The impact of these steps are well documented. Federal cash payments for health care will end, and much more rapidly than expected, if Bill C-20 is allowed to pass. Bill C-20 is in fact an admission of the long term negative impact of the federal funding formula changes and an implicit recognition of the importance of leverage that comes with the withholding of cash payments.
That is the crux of the matter: the importance of cash payments as leverage in terms of holding provincial governments to account and responsible for adherence to the principles of the Canada Health Act, the five principles of medicare.
The Liberals did learn a little from the mistakes of the Conservatives by ensuring in 1995 there was at least a cash floor. But the problem is the cash floor is down at about $12 billion. With the money added by the government in last year's budget and this year's budget, we are up to a cash floor of approximately $15 billion. That is still more than $3 billion short of what the cash transfers were for health care in 1995.
No matter what the government wants to say about 25 cents on the dollar or 33 cents on the dollar, the fact of the matter is it is 15 cents on the dollar if we really look hard. That is precisely what is wrong with the approach the government has taken. That is why we have to work together to get back to the 50:50 partnership that was behind medicare in the first place.
The abdication of responsibility by the federal government and its failure to ensure stable predictable funding for provincial health care systems have opened the door to the likes of Ralph Klein and Ontario's Mike Harris who are bent on privatization and who are determined to move forward. As soon as the federal budget was released, they hauled out the sign which said “go private”. What is inexcusable on the part of the government is that it has created the Klein monster. It is going to create the Harris monster by not acting now, by not ensuring stable funding and by acting in complicity with the likes of Klein and Harris.
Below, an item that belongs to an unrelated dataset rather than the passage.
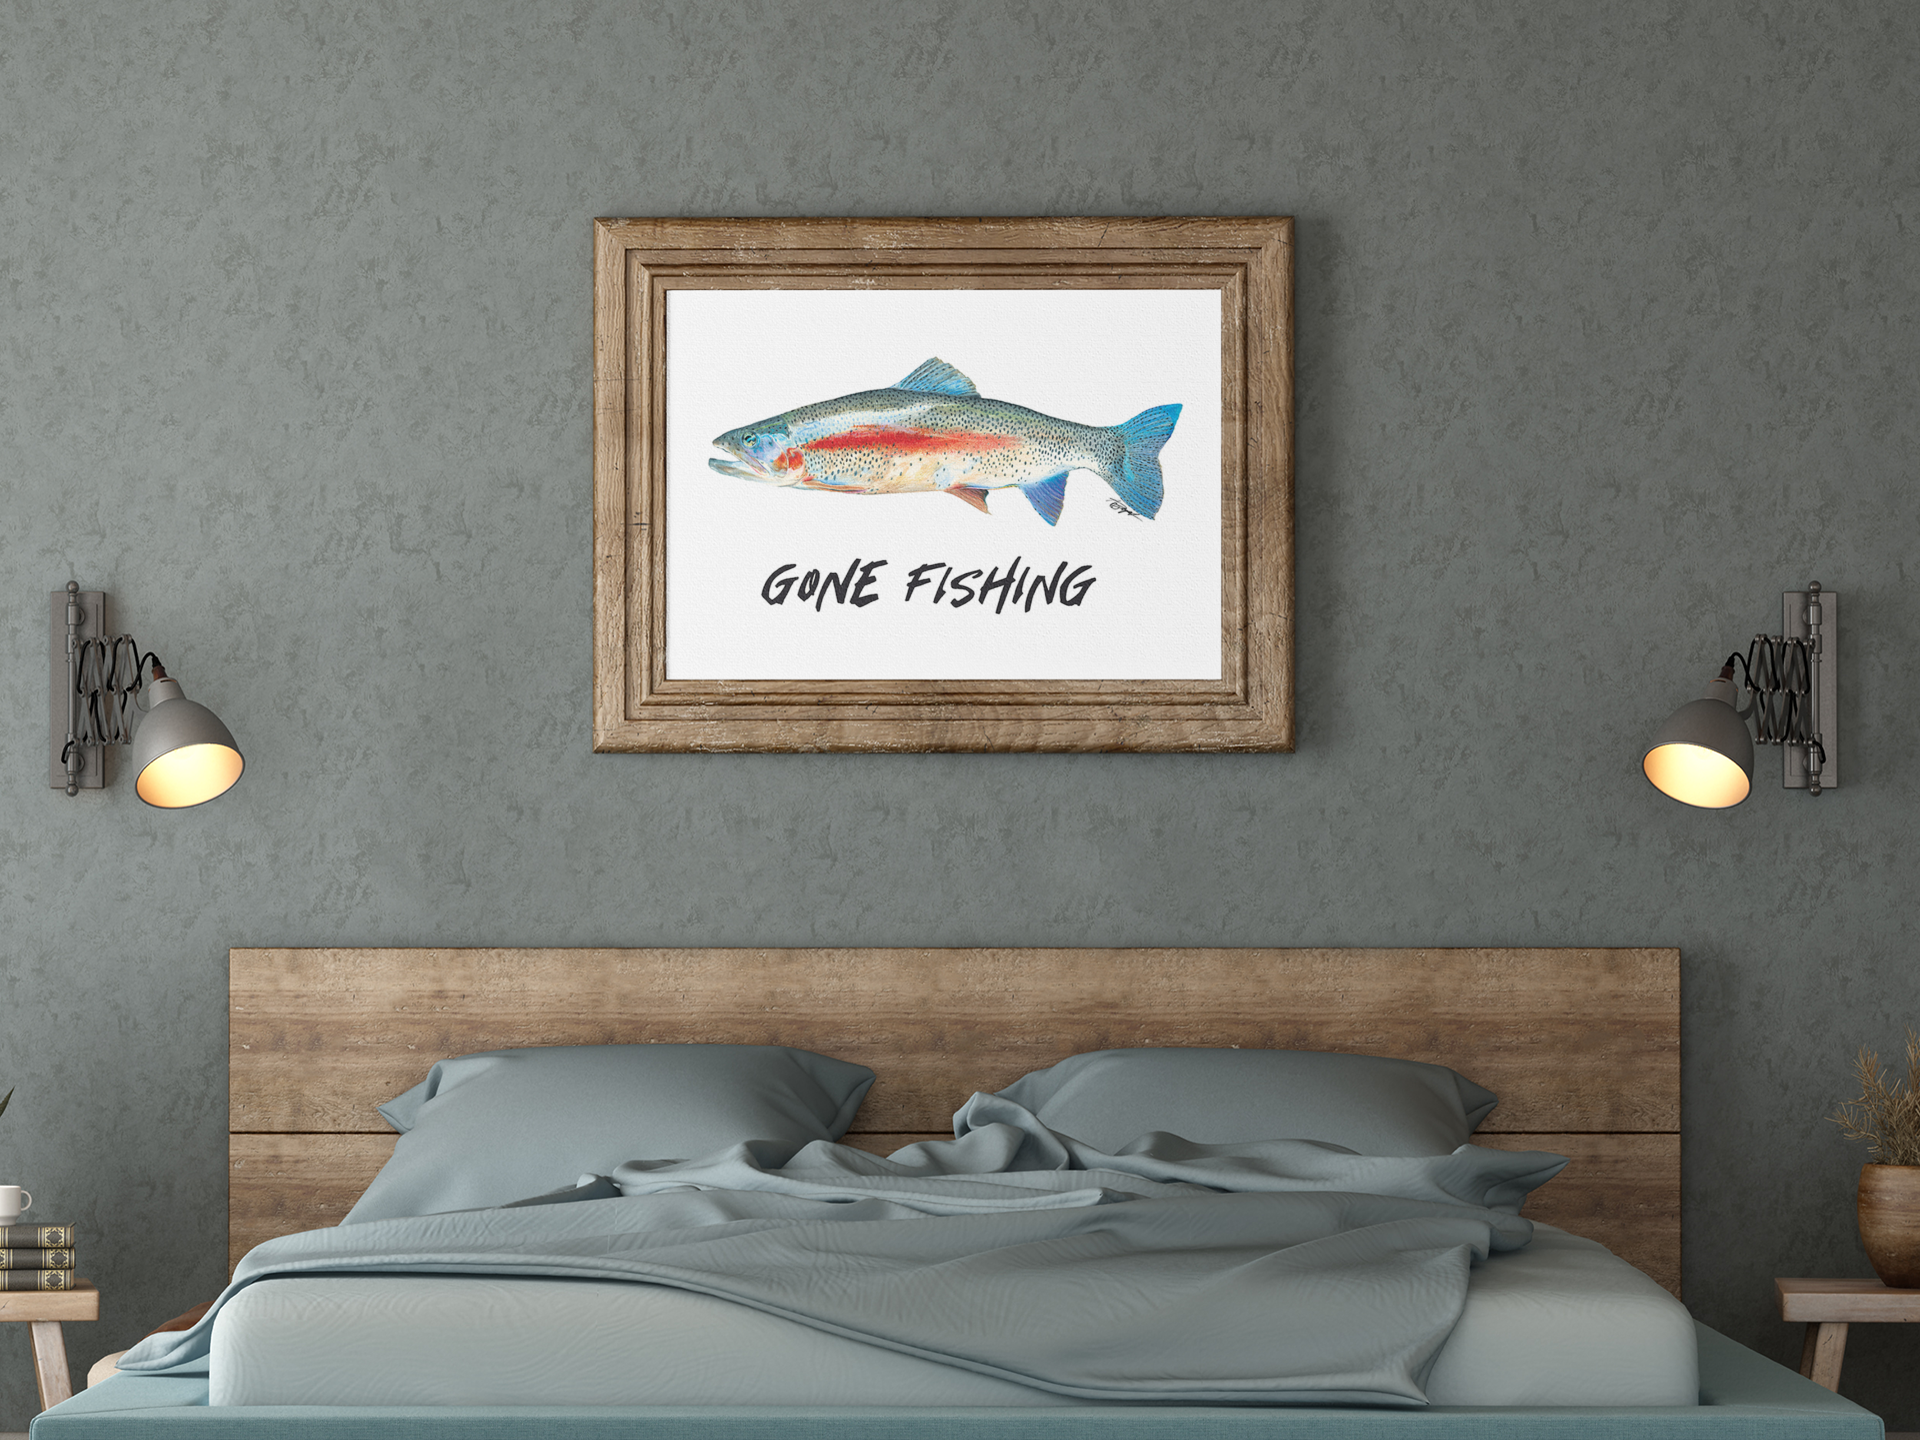 Gone Fishing Decor, Stunning New Art, Fishing Art, 9x11

Let me specifically refer to something the Liberals do not want to talk about in the House. Let us look at the 12 point agreement that was signed by the government in 1996. We all heard the former Minister of Health, the member from North Bay, say that she was being pressured into signing the agreement between Alberta and the federal government which further advanced the agenda on private clinics and she refused. She had the courage to stand up against the likes of Albertan politicians who were determined to open up our public system to private forces.
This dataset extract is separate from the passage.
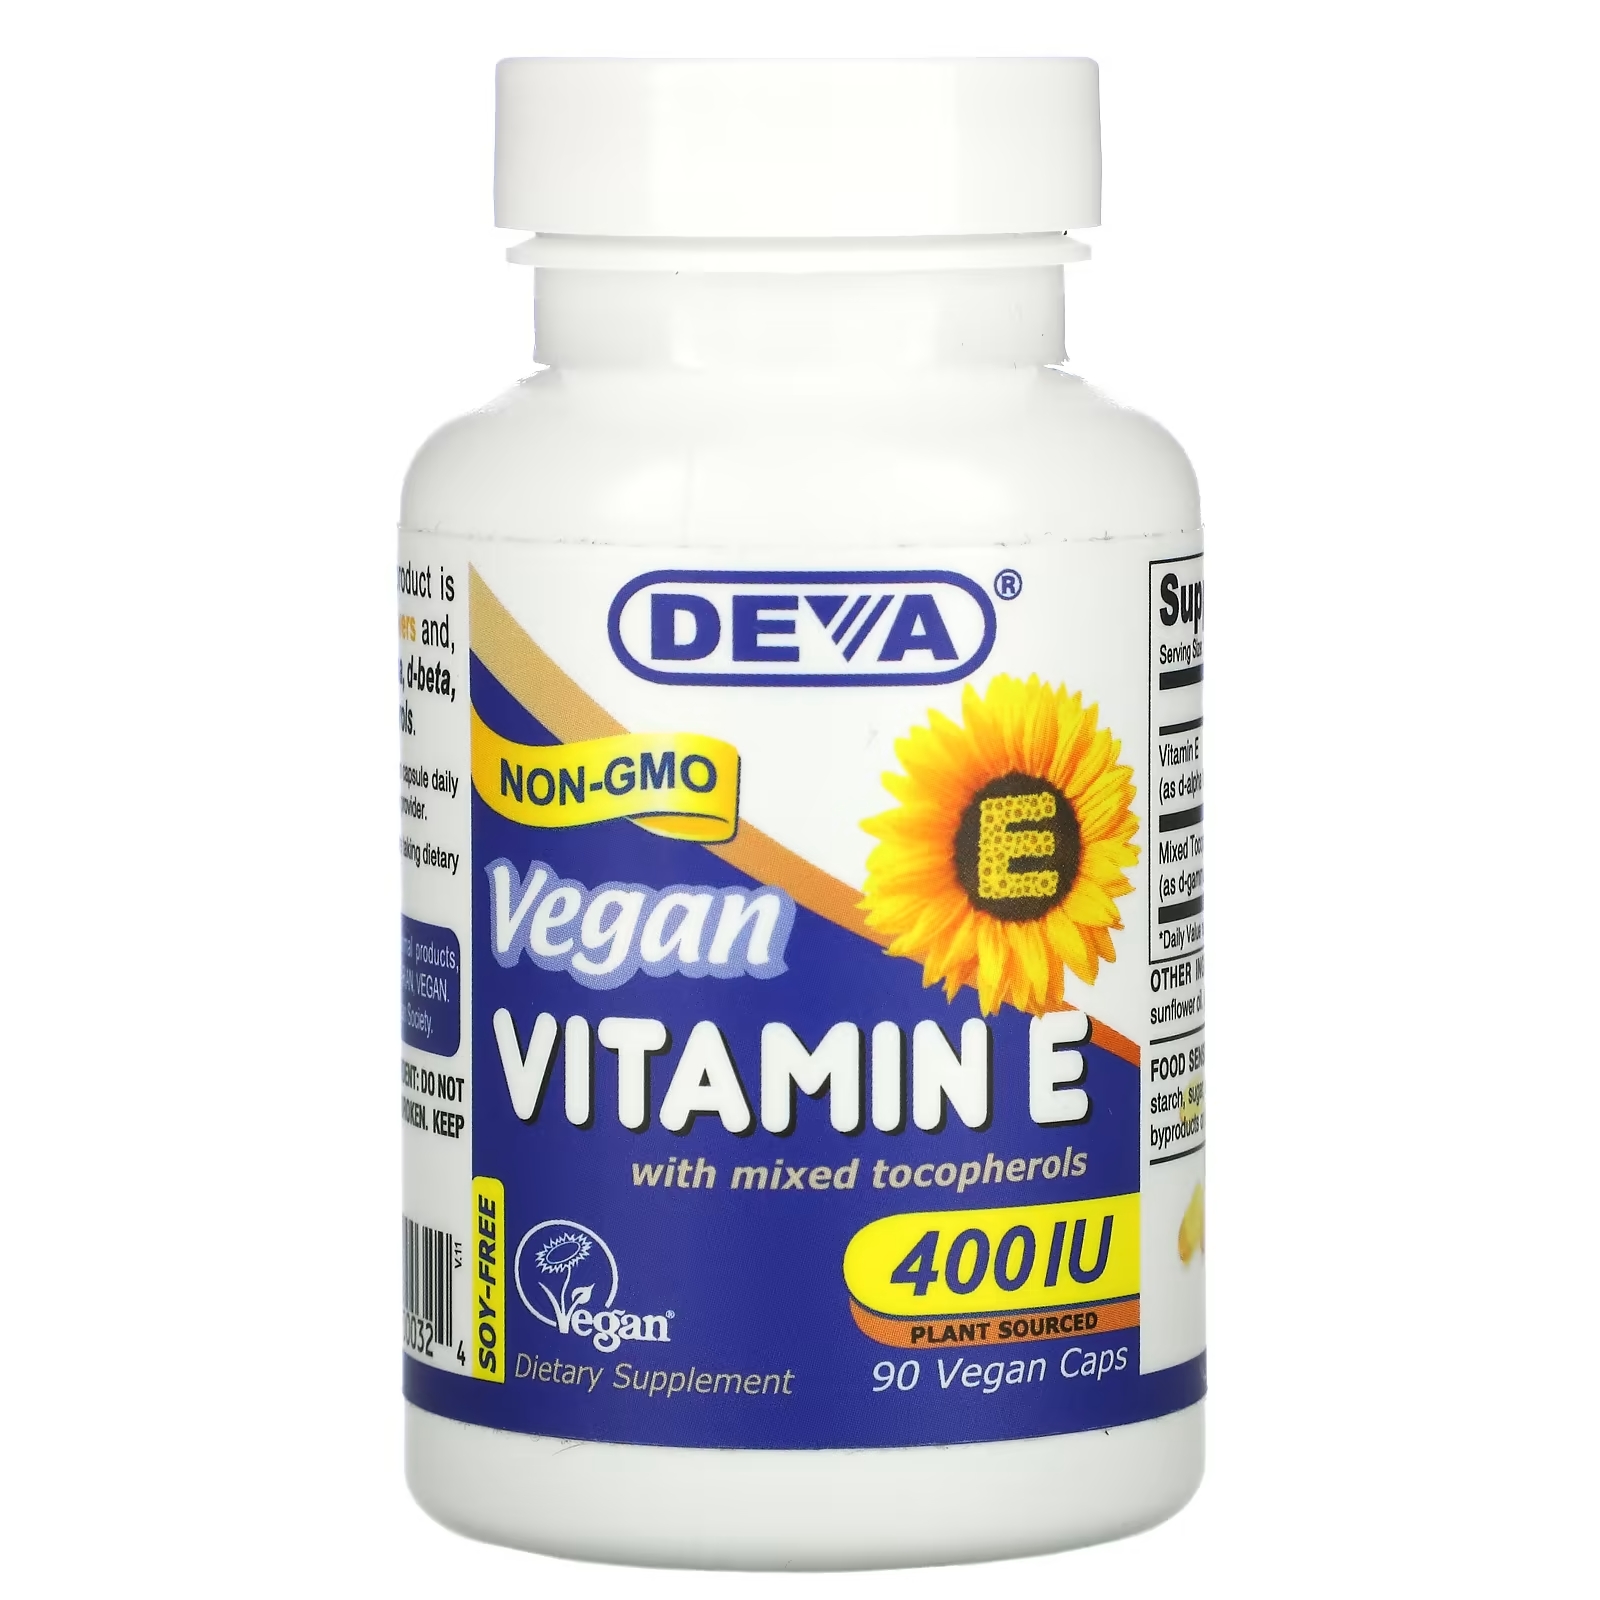 Deva Веганский витамин E со смешанными токоферолами без сои 400 МЕ, 90 веганских капсул now foods витамин e 400 со смешанными токоферолами 268 мг 400 ме 250 капсул

I had hoped that we would have the same kind of courage from the present Minister of Health. What did we get instead? Nothing. He is doing nothing but making broad rhetorical statements and getting into hot water with Ralph Klein who is throwing insults his way. He is not standing up with anything concrete. If he is going to be insulted for doing nothing, he might as well be insulted for doing something.
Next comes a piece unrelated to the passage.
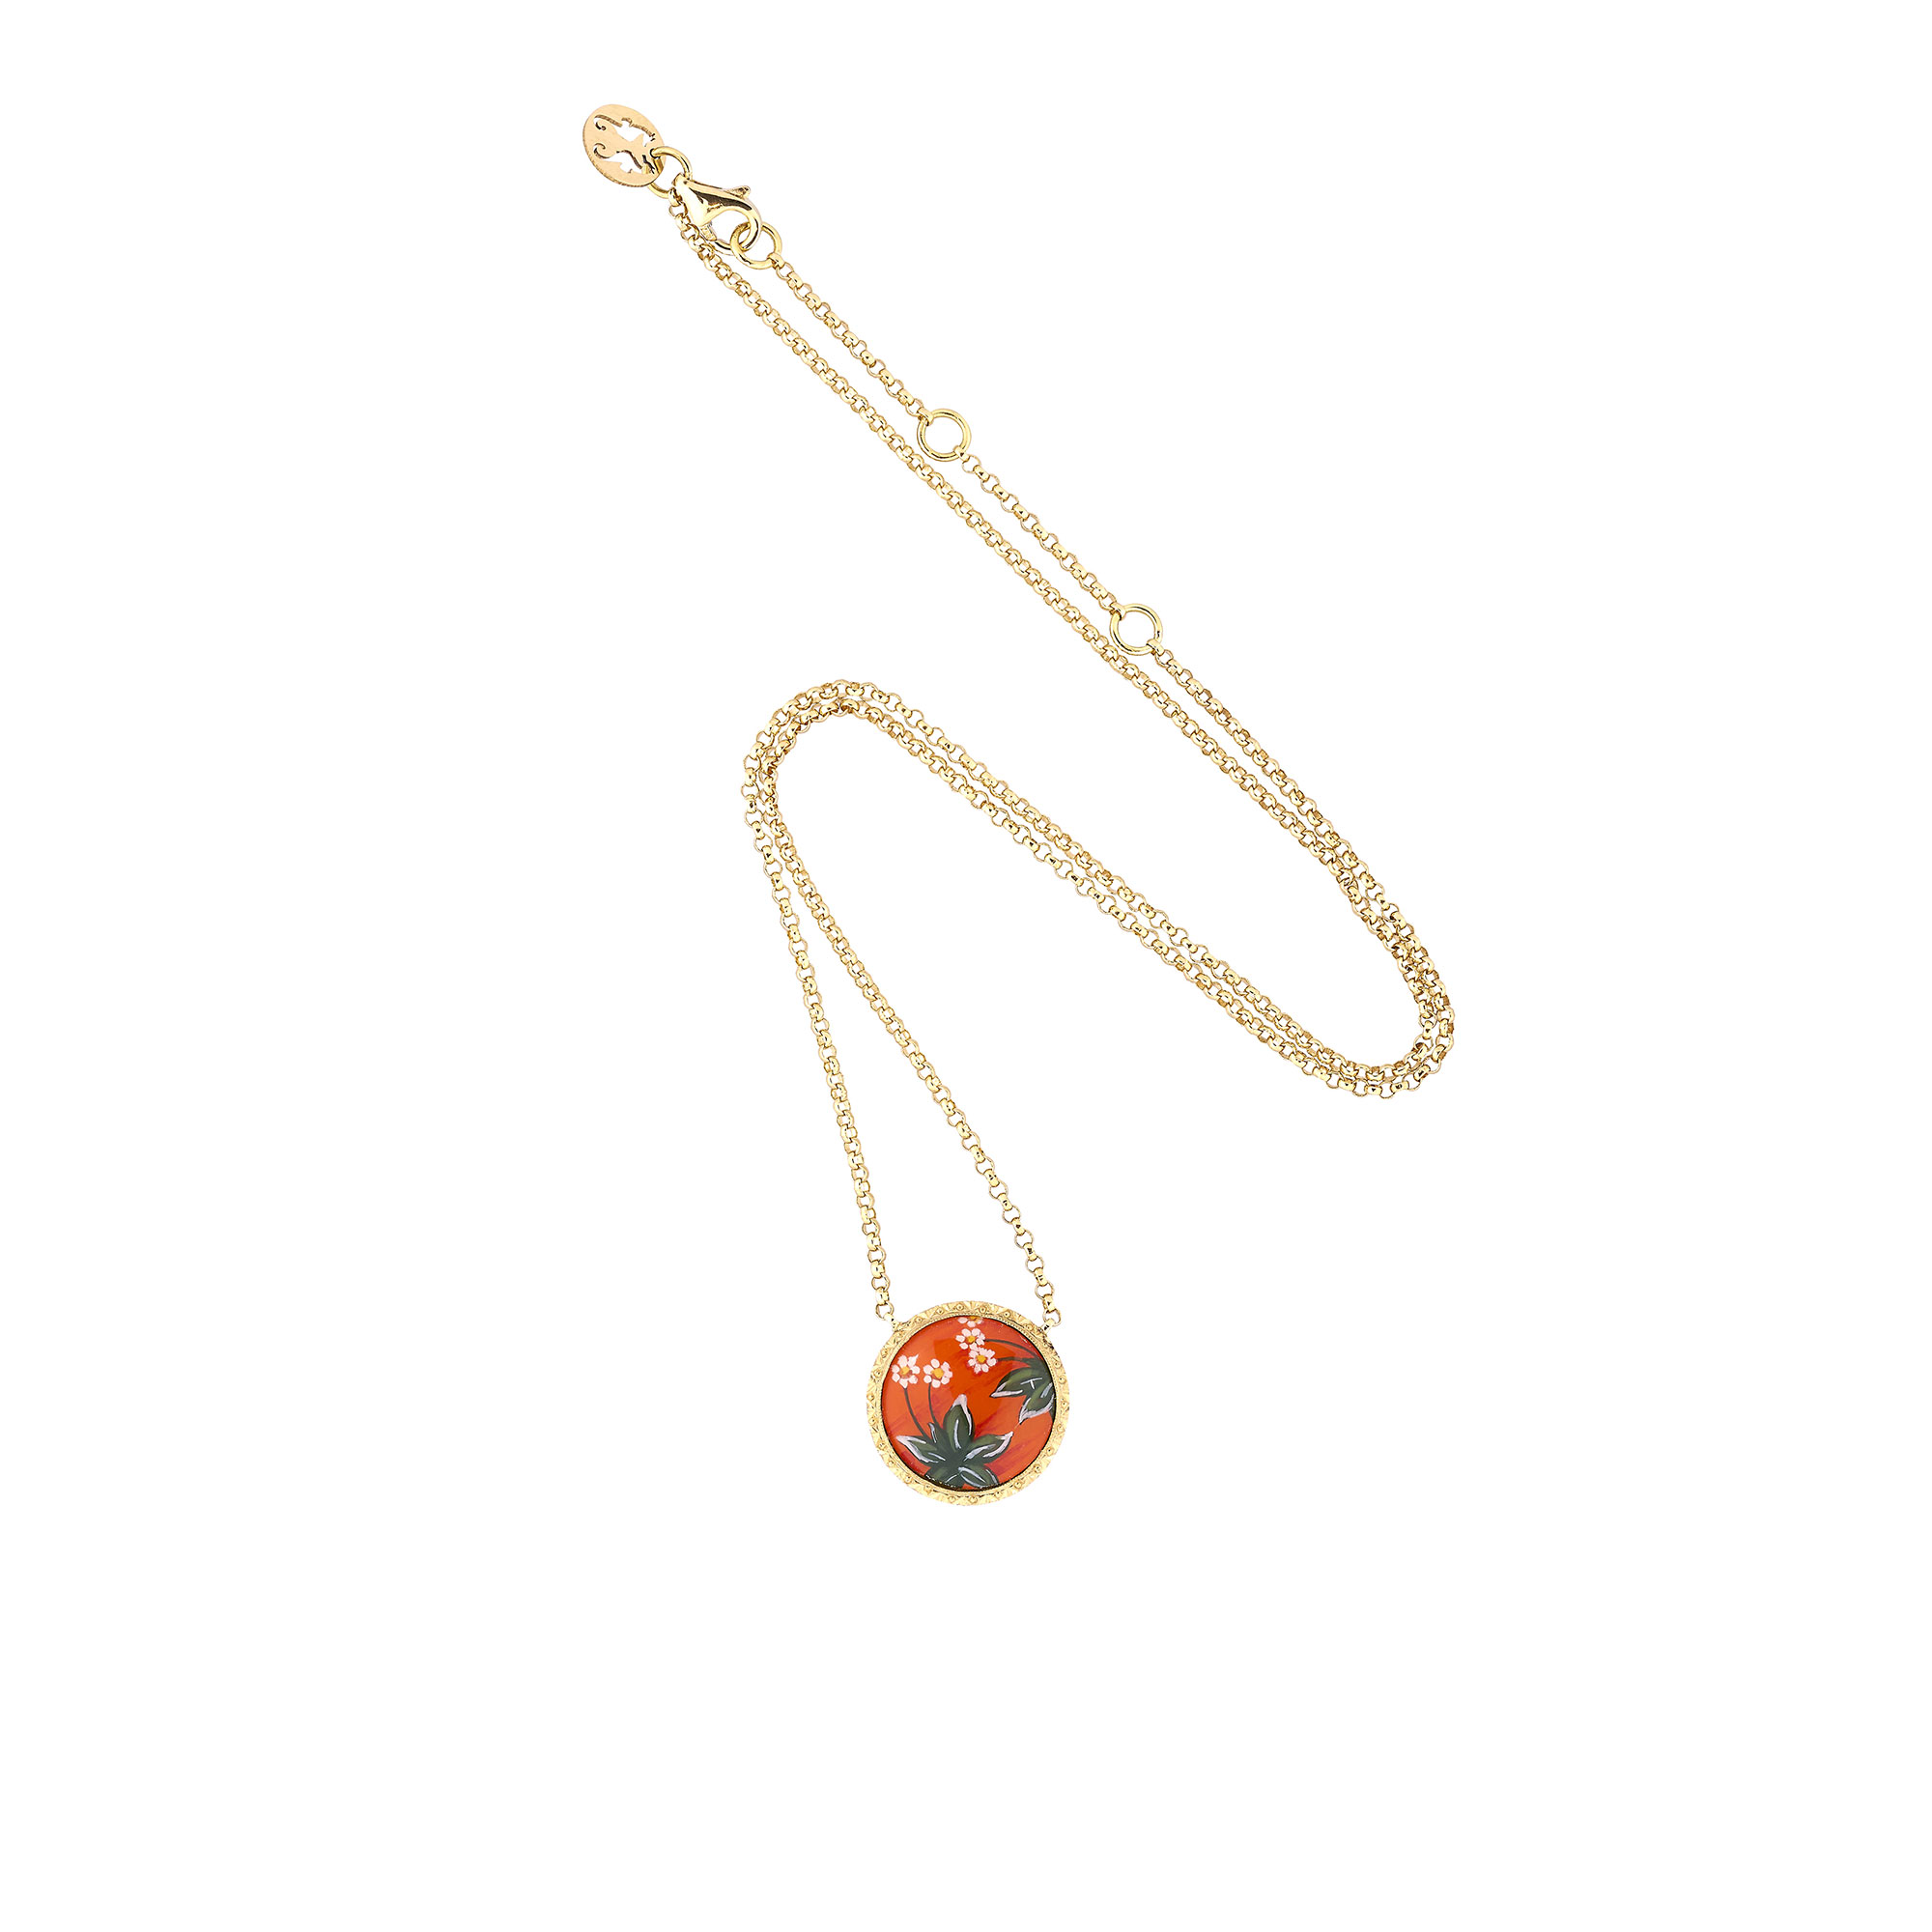 Blossom carnelian necklace, Louis Vuitton

We are trying to get the Minister of Health to take a position on Bill 11. Why stall? Why neglect? As I said earlier, why do Canadians have to go to bed one more night without knowing whether their government will take action on Bill 11, and without knowing whether their treasured public health care system will be there for them and their families in the future? Why will the government not act today? The crisis is upon us. We are at a watershed in the history of this country. Let us go forward.
As I have said to the Minister of Health, act today, do not delay and stand up for our most treasured national medicare program that has served this country so well.